ST. GEORGE — Although six more weeks of winter was the prediction made on Groundhog Day, the St. George area is ready to roll out its famous sunshine and welcome an influx of visitors for Presidents Day weekend.
While not the only thing going on in St. George, sporting events will definitely rule the roost this weekend. Early season soccer and baseball tournaments will use nearly every patch of green as thousands of out-of-town visitors surge into the region.
“Our mild temperatures provoke people to get active outside, and our convenient recreational facilities have made us a must-book destination for regional and national sporting events,” said Kevin Lewis, director of sports marketing for the St. George Area Tourism office. “The visitors we have who return every year tell me that the prospect of spending a few days in our climate gives them something to look forward to as they endure the frigid winter along the Rocky Mountain region.”
Additionally, the economic impact of the youth tournaments taking place Presidents Day weekend is substantial, Lewis said, given the fact that each player is accompanied by parents and siblings who stay at area hotels, eat at restaurants and spend money shopping or on recreational activities.
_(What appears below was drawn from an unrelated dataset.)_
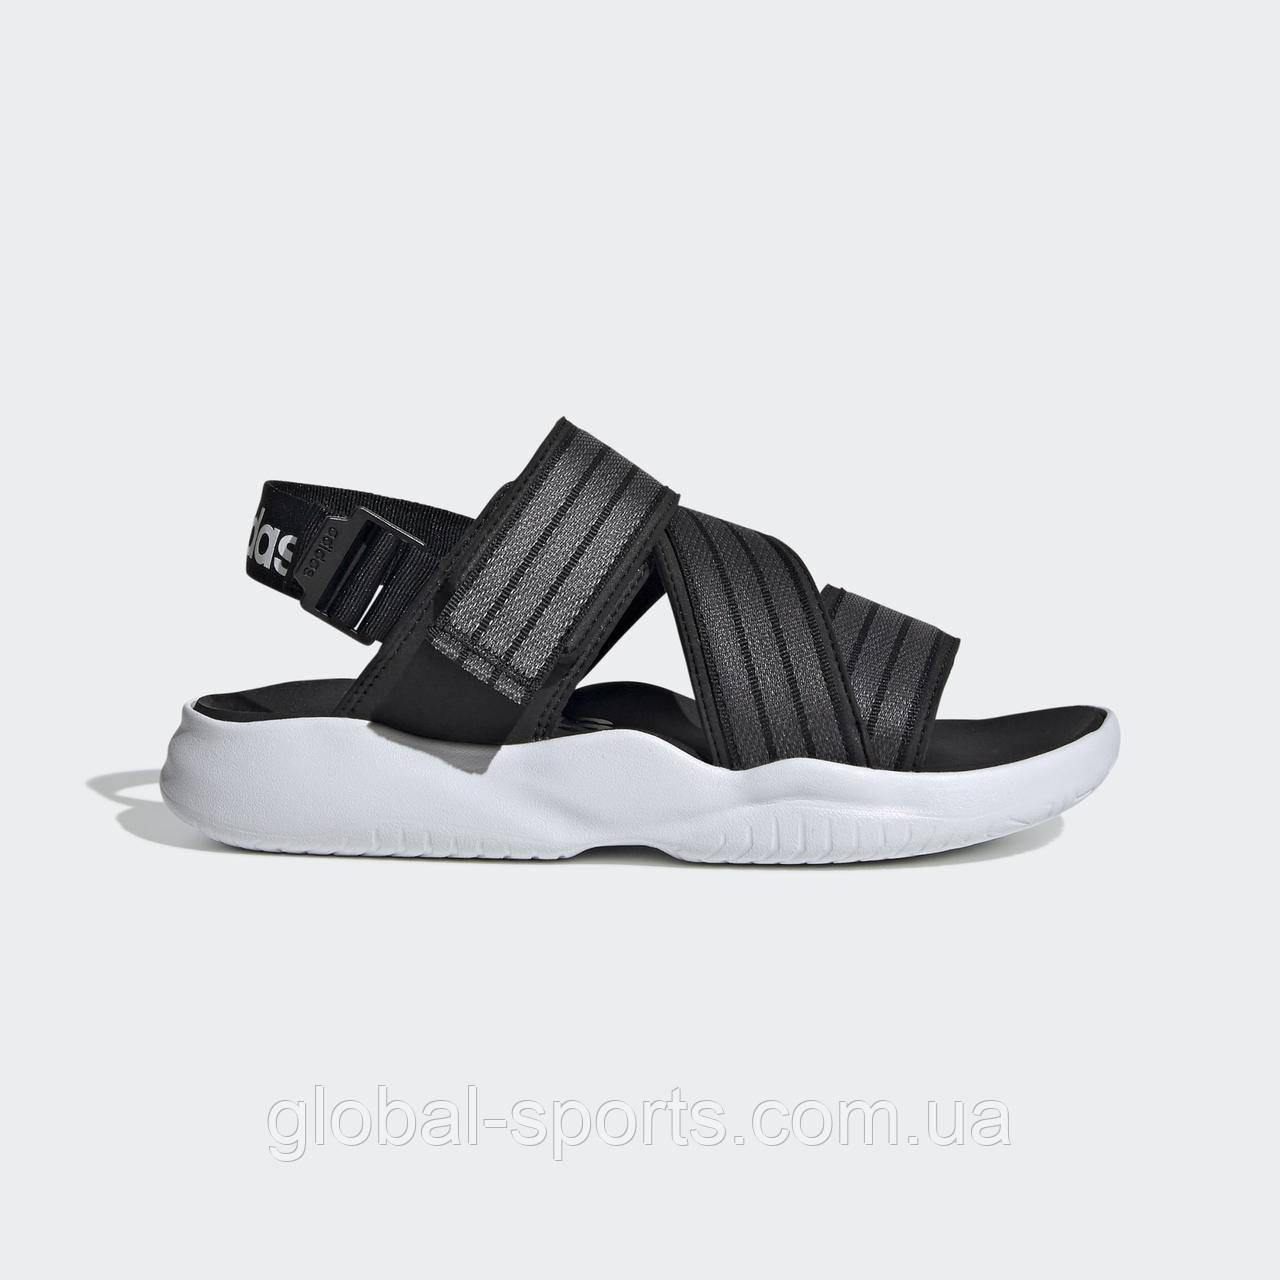 Женские сандалии Adidas 90s SANDAL (Артикул: EG7647)

Attracting some of the largest crowds this holiday weekend is Utah Competitive Soccer’s “Ice Breaker Tournament,” which includes more than 250 teams and an estimated 4,000 players and coaches.
“People love this tournament,” said Robert Horn, owner and operator of the Utah Sports Lodge, which organizes and runs the tournament. “It’s the perfect time as winter is nearing an end, and players and teams are anxious to head outdoors and prepare for their spring season.”
The “Rage Invitational” will also bring a significant quantity of visitors to the area. Tournament director Paul Miravete said he expects 184 teams with nearly 3,000 players, coaches, team managers and referees.
In addition to the soccer tournaments, visitors also come to St. George to participate in the Rocky Mountain School of Baseball’s sizable “Presidents’ Day Tournament,” whic includes 135 competition teams — adding up to more than 2,000 players, coaches and umpires.
“The approaching spring means it’s time for baseball,” Rocky Mountain School of Baseball President Dennis Udy said. “We have teams from nine different states coming to our tournament, including seven teams from Minneapolis. We’d like to thank all the municipalities that are allowing us to use their fields, including St. George, Washington, Hurricane, La Verkin, Toquerville, Ivins, Santa Clara and Moapa.”
Statistics provided by tournament organizers from the Ice Breaker tournament, Rage Invitational and the Rocky Mountain School of Baseball indicate that an average of about 83 percent of the visitors for these tournaments are from outside the area. The sports commission estimates the economic impact of those three tournaments to be between $12 million to $14 million.
“We’re looking at a conservative estimate of about 25,000 visitors heading to the St. George area for the Presidents Day Weekend,” Lewis said. “That truly is remarkable and says something about what a destination we have become.”
The area also expects a large turnout for the 10-day St. George Area Parade of Homes that starts Friday and runs through Feb. 26. The self-guided home tour features 28 brand new homes and is projected to attract more than 30,000 people over its duration.
“Presidents Day Weekend definitely is one of the busiest and starts the tourism season with a bang,” Roxie Sherwin, St. George tourism office director, said. “So many people love our location and with the harsh winter on the Wasatch Front, I expect a large migration to the south. Everybody is ready to get outside, and we are the perfect destination for that.”